Так он и двигался — молча, квартал за кварталом. И везде неподвижный покой встречал его. Ветер разогнал облака, и солнце стояло высоко над головой. Но тротуары были пусты, словно луной стало солнце, а стрелки на часах показывали три ночи. Но даже и ночью он встретил бы полицейского или желтое такси. Пустая детская площадка осталась позади.
Редкие машины застыли вдоль тротуаров. Он помнил, что отец вез его по нижнему Манхэттену воскресным утром, и тогда даже Уолл-стрит казалась безлюдной пустыней. Сейчас все здесь выглядит, как в то воскресное утро, только гораздо страшнее.

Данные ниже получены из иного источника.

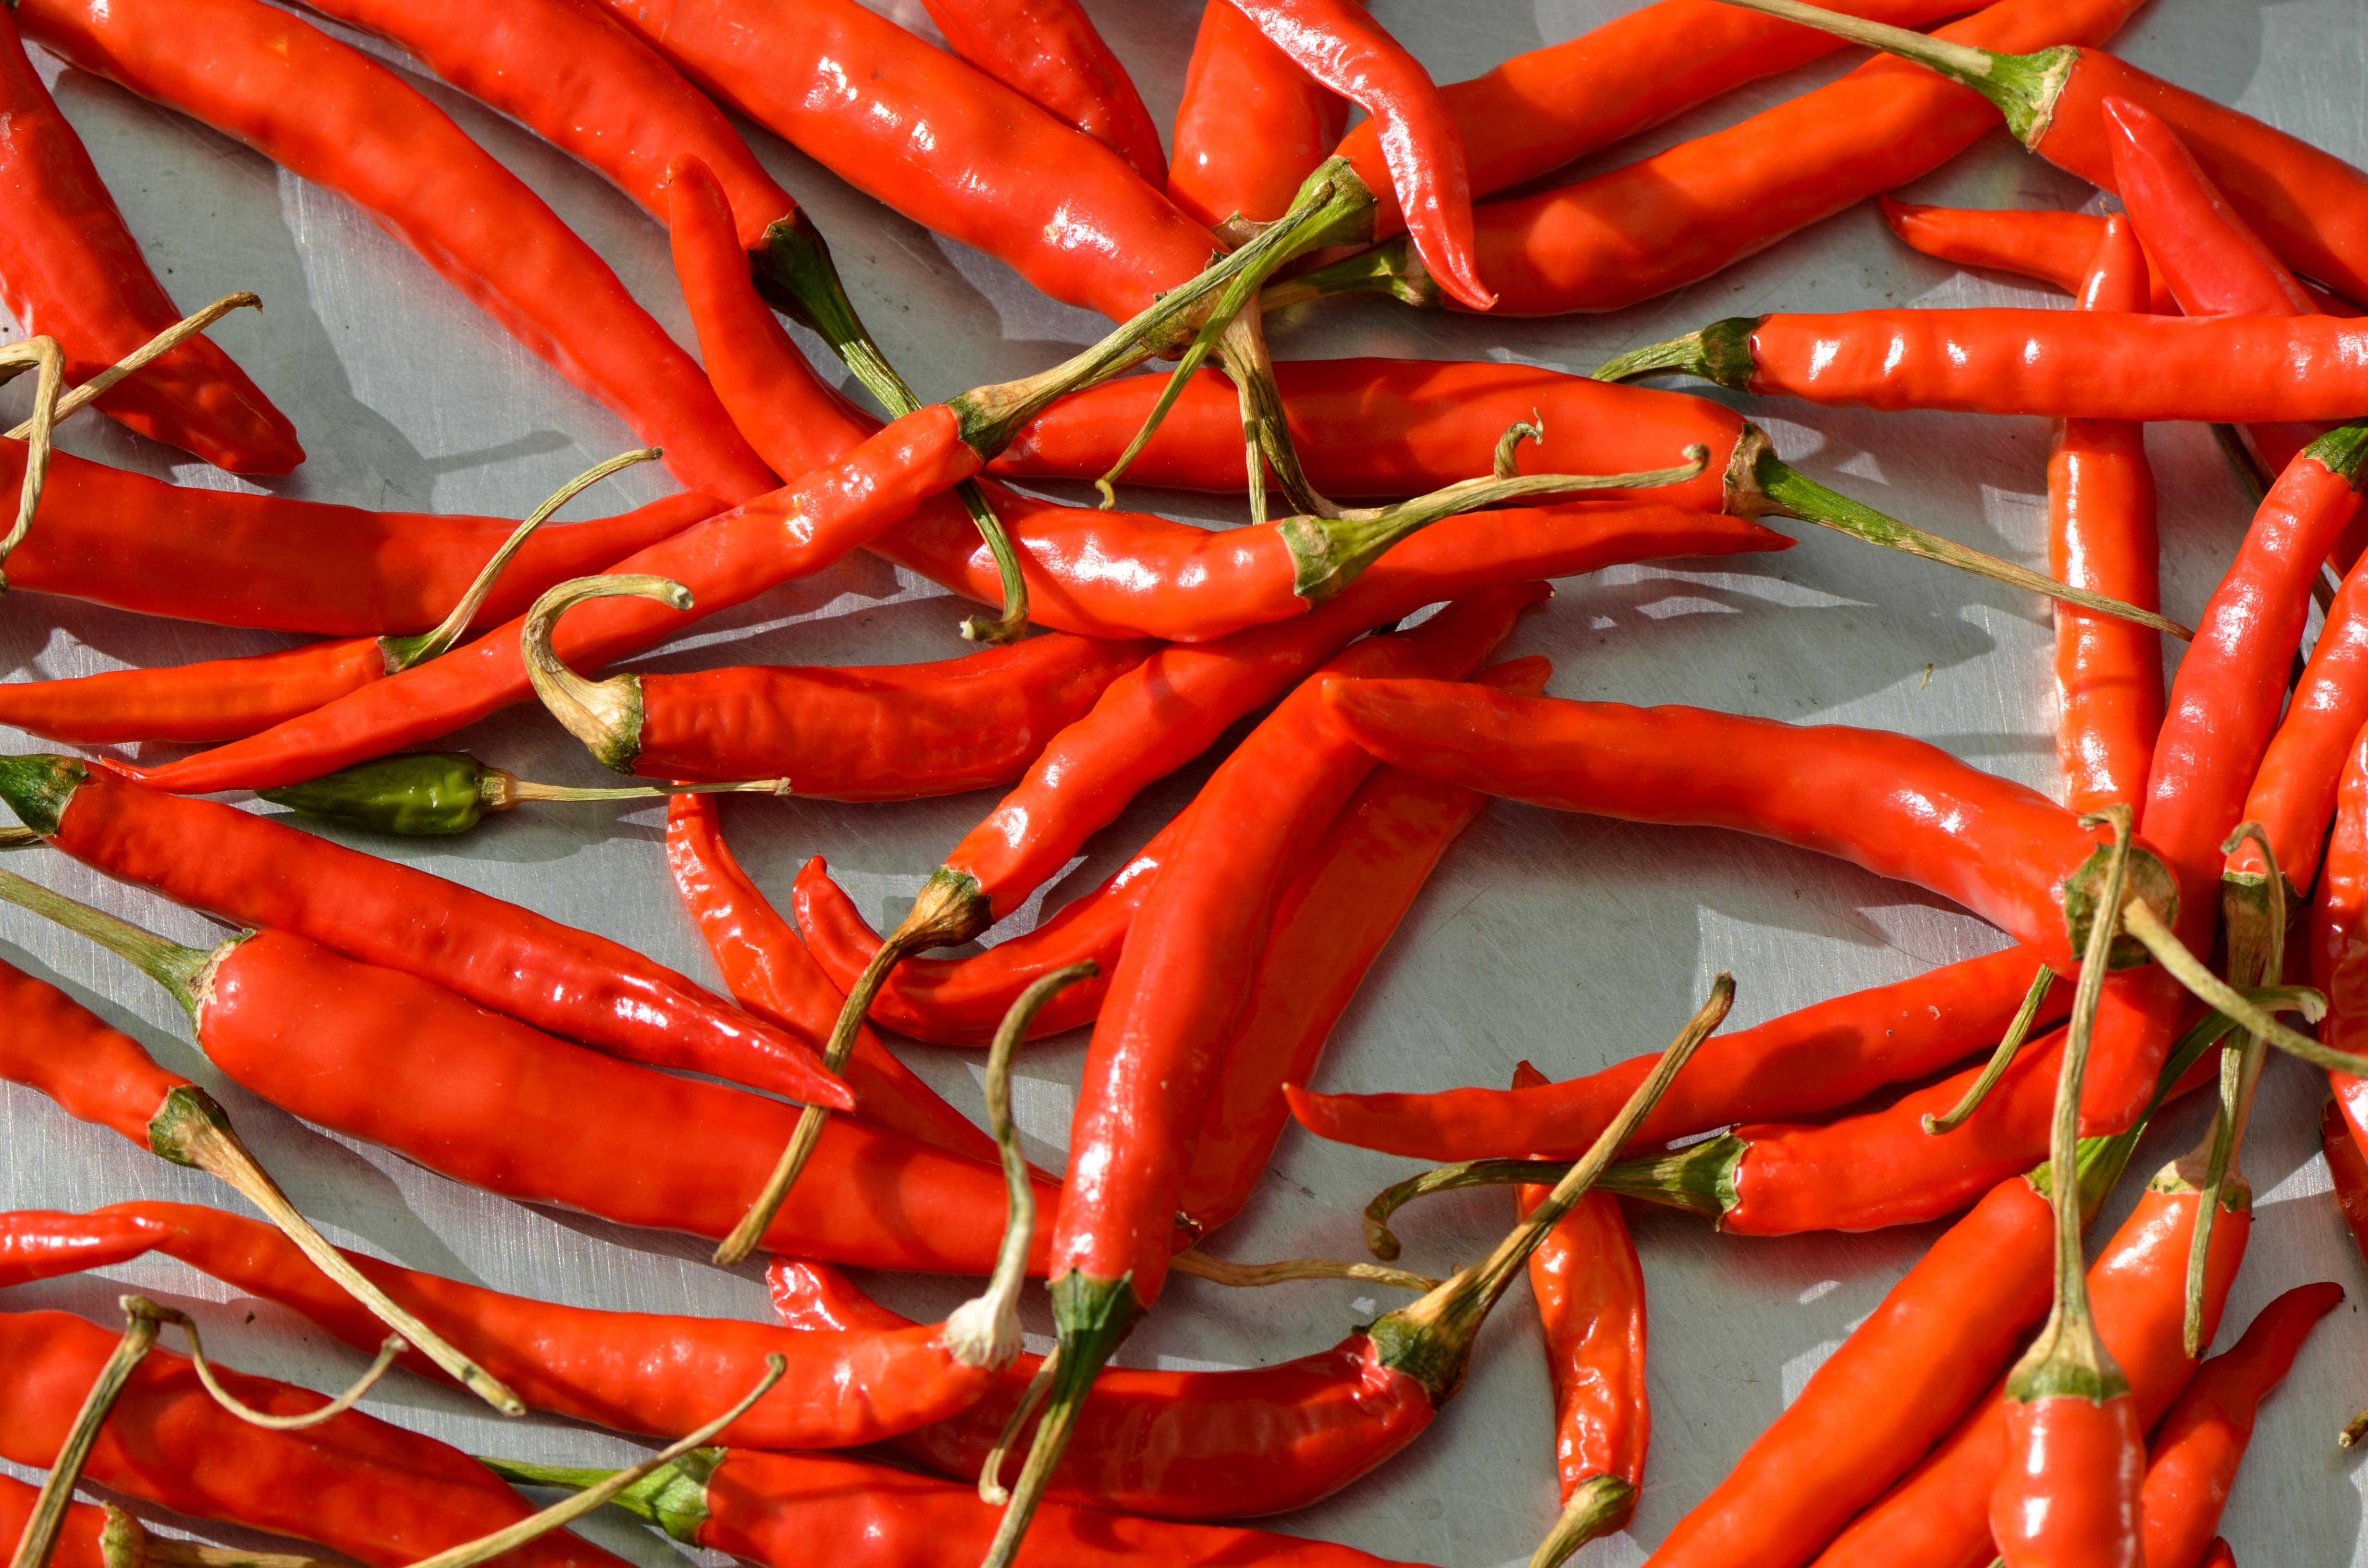 File:Capsicum - red chili chilli - piment rouge - roter

У входа на Льювинсонский стадион две тощие, копошащиеся в отбросах собаки стали в этом застывшем городе первыми увиденными им живыми существами. И еще стайка голубей в соседнем квартале — совсем крошечная стайка вспорхнувших к небу птиц.
Продолжая медленный путь, оставил он за спиной красный кирпич Колумбийского Университета и остановился перед громадой все еще не завершенного Собора. Его не достроили сегодня, и, значит, таким он останется всегда.

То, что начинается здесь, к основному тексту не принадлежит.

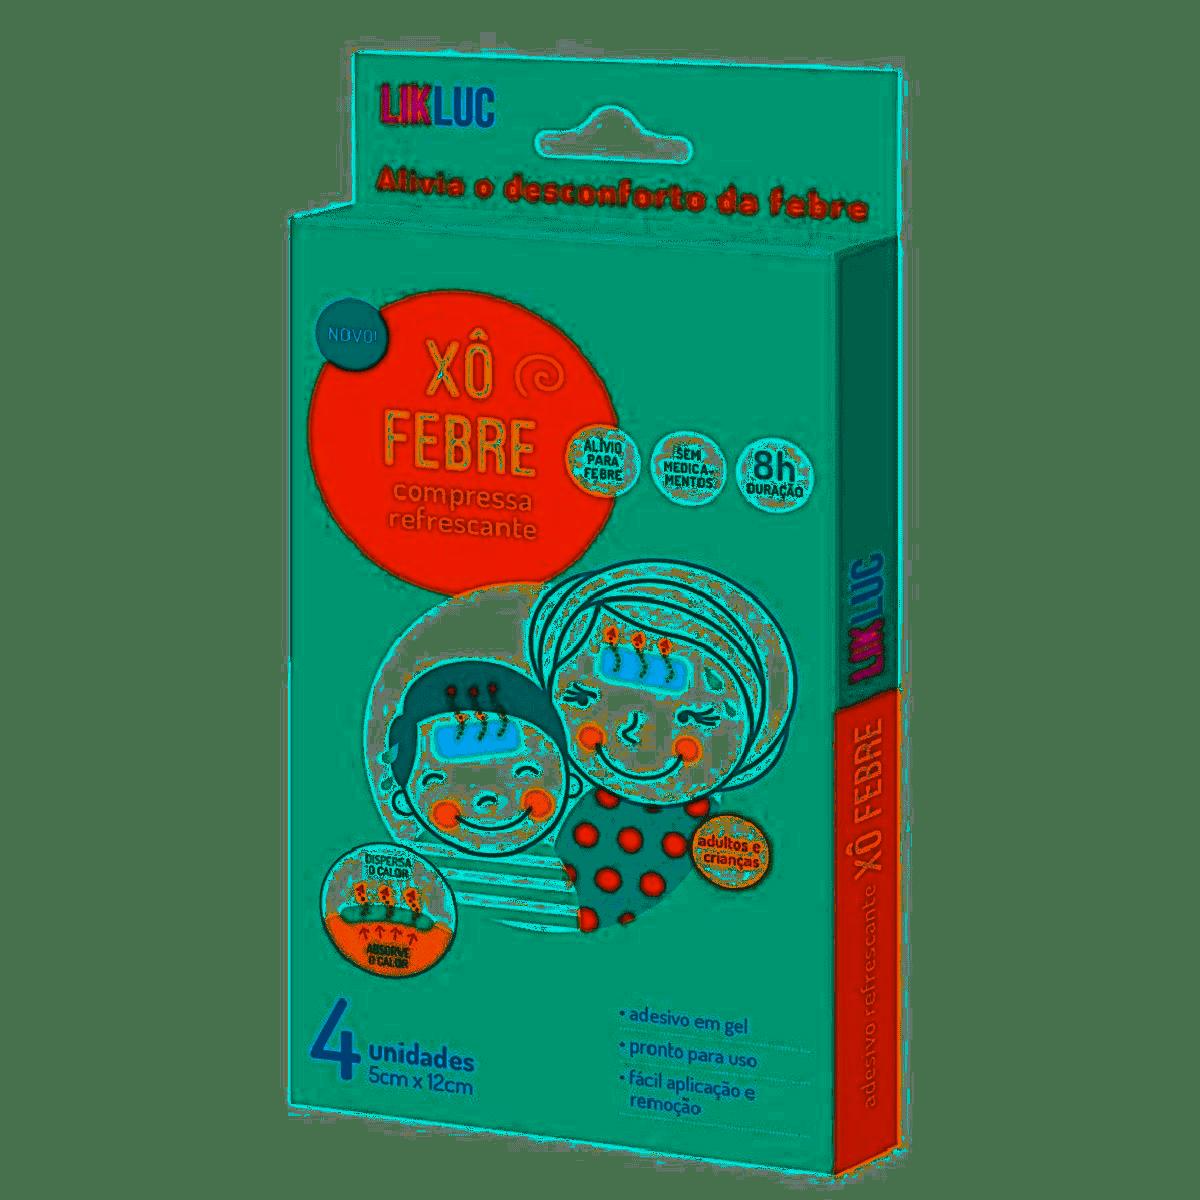 licluk-xo-febre-compressa-refrescante

Иш прикоснулся рукой к дверям храма, они поддались, распахнулись широко, он сделал шаг вперед, и, рожденная страхом, мелькнула догадка, что главный неф будет завален грудами тел тех, кто в последний час молился здесь Богу. Но тишиной забвения встретили его своды храма, и тогда он пошел по боковому нефу, мимо апсид, вмещающих в себя маленькие часовни, куда могли войти англичанин, француз, итальянец и все другие, кто населял этот огромный многоязычный город, и преклонить колени в молитве и восхвалении Божества. Солнечный свет струился сквозь запыленные стекла, и все здесь было так же прекрасно, как прекрасно было всегда. И тогда испытал он страстное желание самому пасть на колени перед алтарем. «И нет безбожников в „лисьей норе“»,{2} — вспомнил он. А сейчас весь мир стал огромной «лисьей норой». Но после того, что свершилось в этом мире, на какие муки он был обречен, не мог верить Иш в любовь Бога, в милосердие к человеку и всему человечеству.

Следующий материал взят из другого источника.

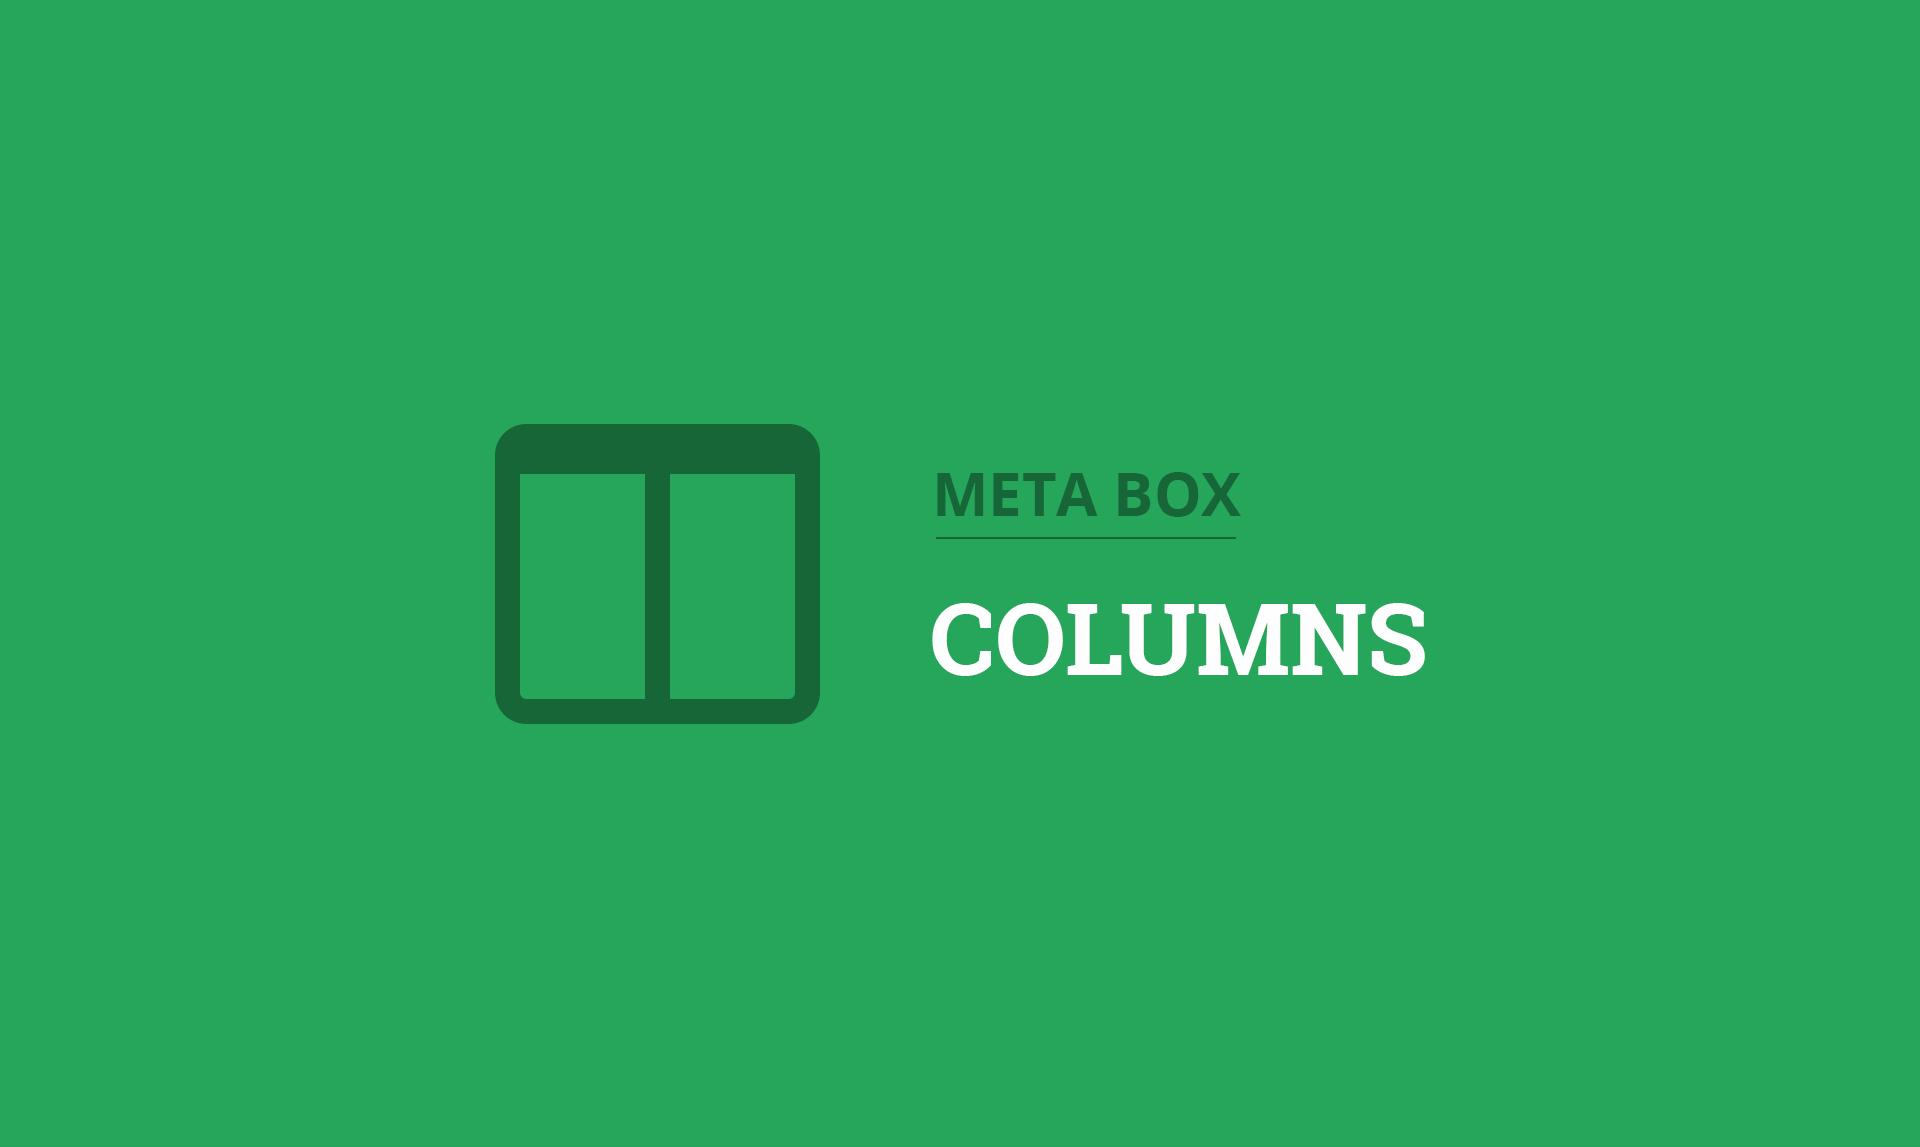 Meta Box Columns

Он вернулся в главный неф и, оглядываясь, поразился и униженным стал от величия его. И вот таков конец великих устремлений и желаний человечества… Что-то перехватило горло, и он вышел на пустынную улицу, забрался в машину и тронулся в свой скорбный путь.
От Соборной он свернул на восток и, не обращая внимания на дорожные знаки, въехал в Центральный парк и там по Ист-драйв дальше к югу, наверное думая, что в летний воскресный день люди обязательно отправятся в парк, как привыкли ходить в парк в любой другой обыкновенный летний воскресный день. Но никого не увидел он. В тот первый приезд мальчика Иша поразило множество белок, но сейчас не было даже белок. Голодные собаки и кошки свели с ними последние счеты. Зато на лугу мирно щипал траву бизон, а совсем рядом с бизоном лошадь. Он проехал мимо Метрополитен и видел «Иглу Клеопатры» — теперь вдвойне осиротевшую. Возле памятника Шерману свернул на Пятую авеню, и обрывок стихотворной строчки всплыл в памяти: «И тщетными станут все ваши победы».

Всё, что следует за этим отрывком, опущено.